Zwillingsgeburt bei den Kaiserschnurrbarttamarinen

Zwillingsgeburt bei den Kaiserschnurrbarttamarinen

Das neugeborene Zwillingspärchen ist ein gutes Zeichen dafür, dass sich die Äffchen im Loro Parque wohlfühlen.

Die Corona-Krise, die die Menschen in den letzten Monaten beschäftigt hat, ist an den Tieren im Loro Parque offenbar spurlos vorübergegangen. Auch ohne Besucher verlief ihr Leben in normalen Bahnen. Davon zeugt die Geburt eines Zwillingspärchens bei den Kaiserschnurrbarttamarinen. Rechtzeitig zum Sommerbeginn erblickten sie die Sonne Teneriffas. Die Eltern haben 2018 erstmals Nachwuchs gezeugt und die Tatsache, dass sie sich weiterhin fortpflanzen, ist ein Zeichen für das Wohlergehen der Tiere im Loro Parque und dafür wie, gut sich die Familie der Saguinus imperator eingelebt hat.

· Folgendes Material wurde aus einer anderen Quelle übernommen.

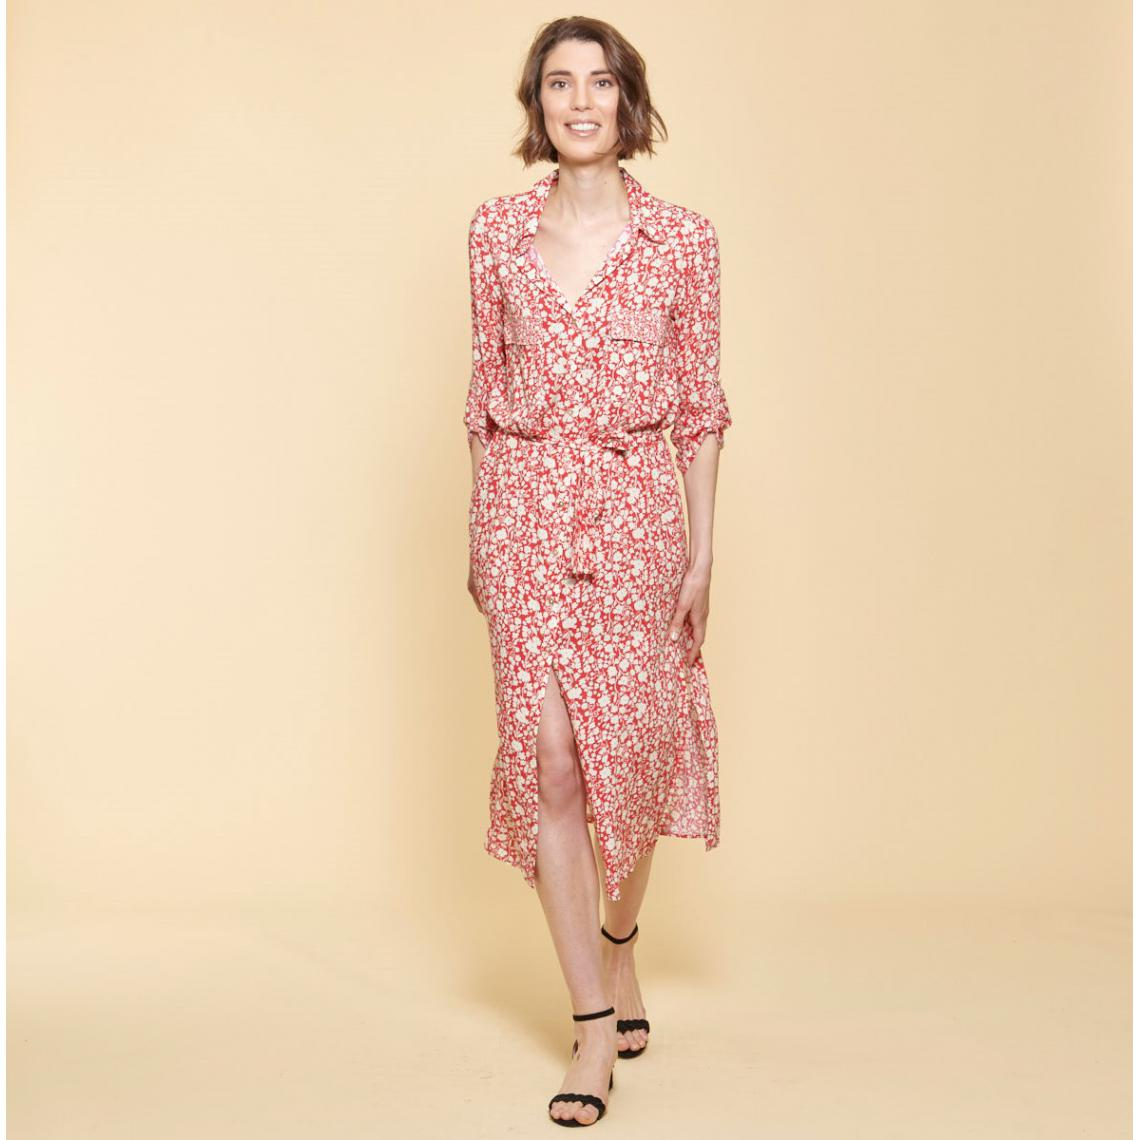 Robe chemise longue ceinturee - 3Suisses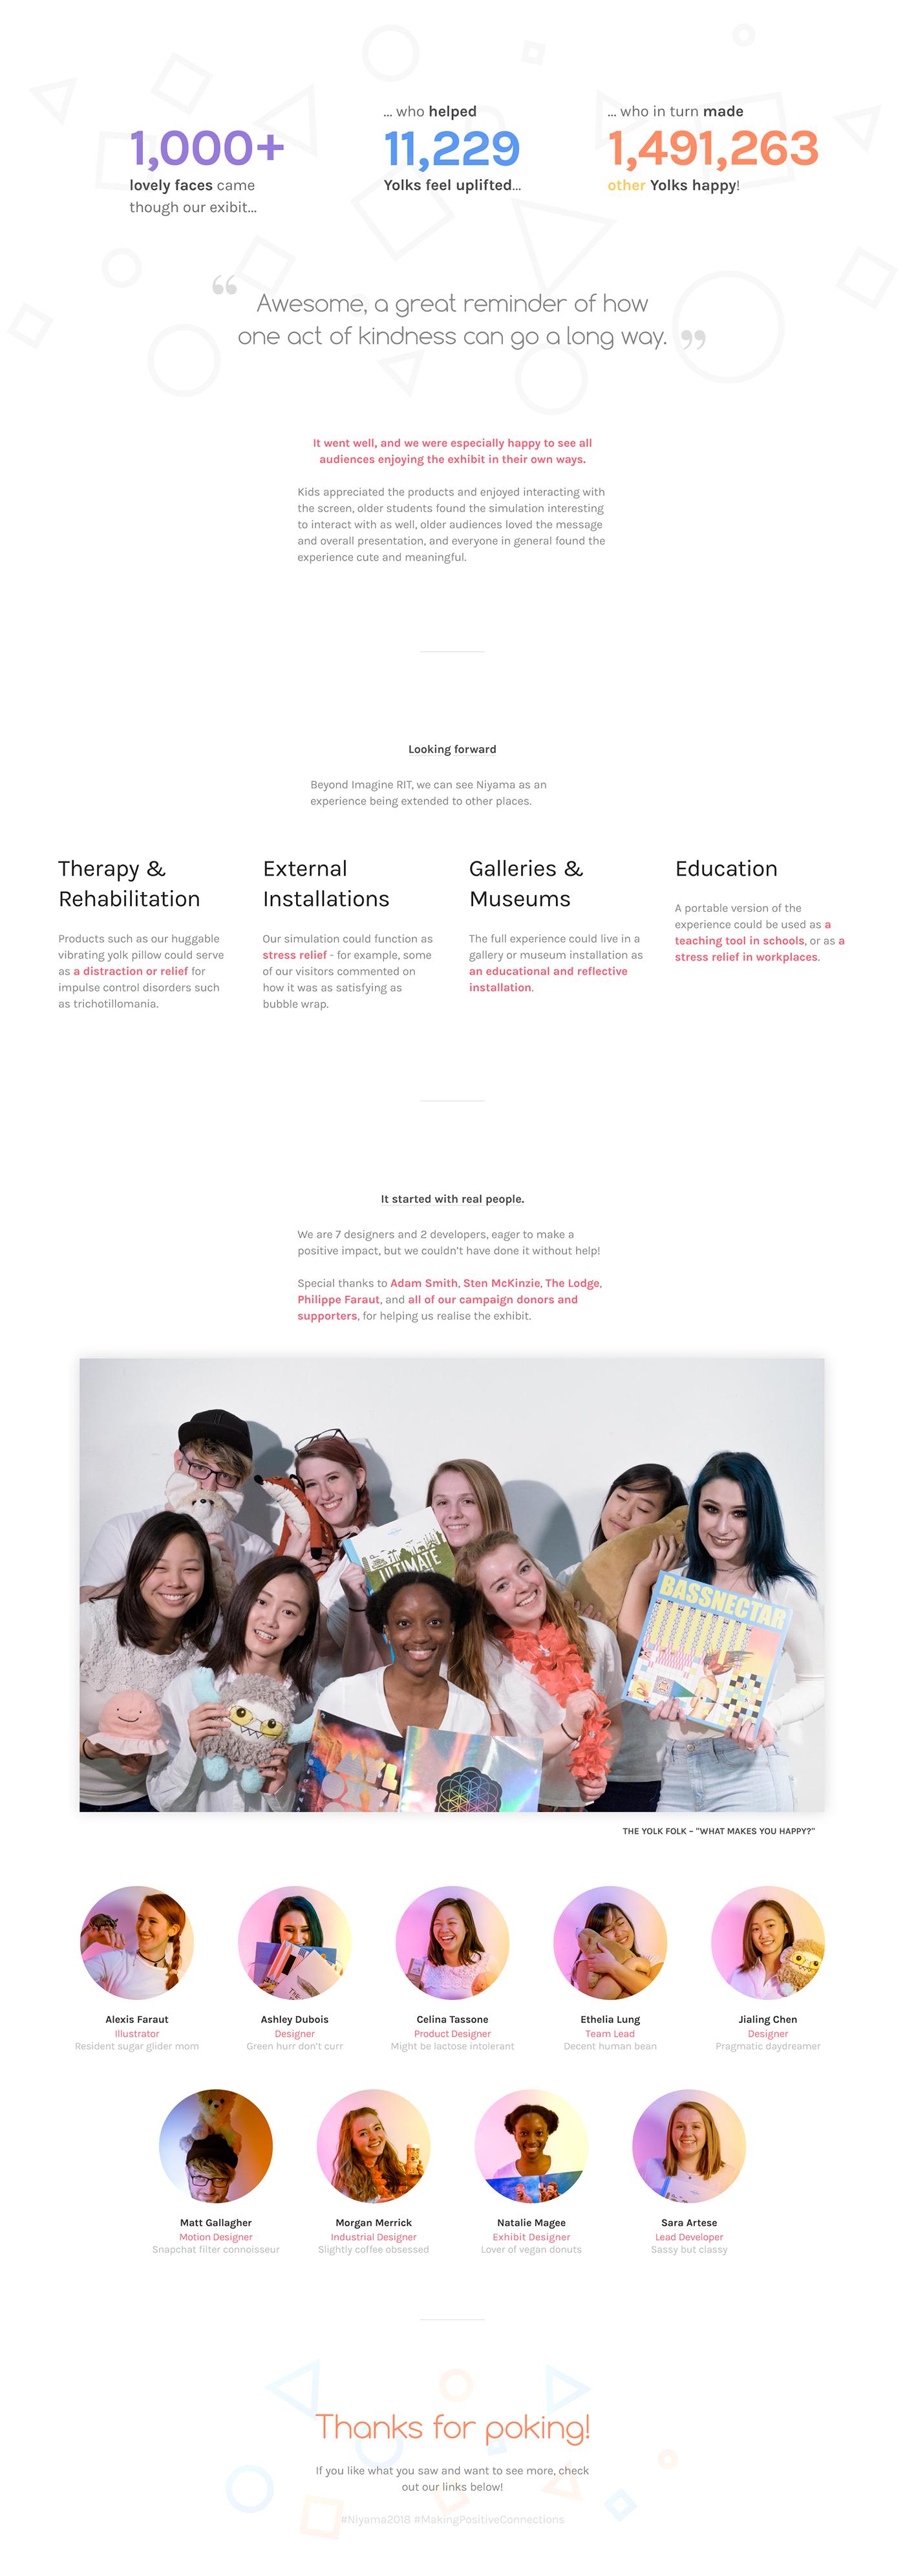 Capstone new media team project positivity social impact adobeawards do good

Bei dieser Art sind es die Männchen oder ein anderes Familienmitglied, die helfen, die Jungen zu tragen, bis sie selbständig werden. In regelmäßigen Abständen werden sie der Mutter zum Stillen gebracht.  Im Loro Parque wurden bereits drei Zwillingspärchen geboren. Sogar die Geschwister  kümmern sich um die neugeborenen Zwillinge und tragen sie durch die Anlage.

Ursprünglich stammen die Kaiserschnurrbarttamarine aus den Wäldern von Bolivien, Brasilien,Kolumbien und Peru. Sie ernähren sich in erster Linie von Insekten, Früchten, Blüten, Nektar und kleinen Tiere, wie Fröschen, Schnecken, Eidechsen und Spinnen. Ganz charakteristisch sind seine Schnurrhaare, die ihm ja auch den Namen gaben. Zudem haben sie zwei Merkmale, die sie von anderen Affenarten deutlich unterscheiden: Sie haben Krallen anstelle von Nägeln an allen Fingern mit Ausnahme des Daumens sowie zwei statt drei Backenzähne auf jeder Seite des Kiefers.

Die Art ist derzeit glücklicherweise nicht vom Aussterben bedroht. Trotzdem wird der Wildbestand immer kleiner. Der Grund dafür sind unter anderem die Verkleinerung ihres Lebensraums durch Wohn- und Industriegebiete sowie durch die Rodung von Wald. Im Loro Parque fungieren die Kaiserschnurrbarttamarine als Vertreter ihrer Art in der Wildnis. Informationen, die durch sie in Bezug auf Lebensweise und Zucht gewonnen werden, tragen zum Schutz der wildlebenden Populationen bei.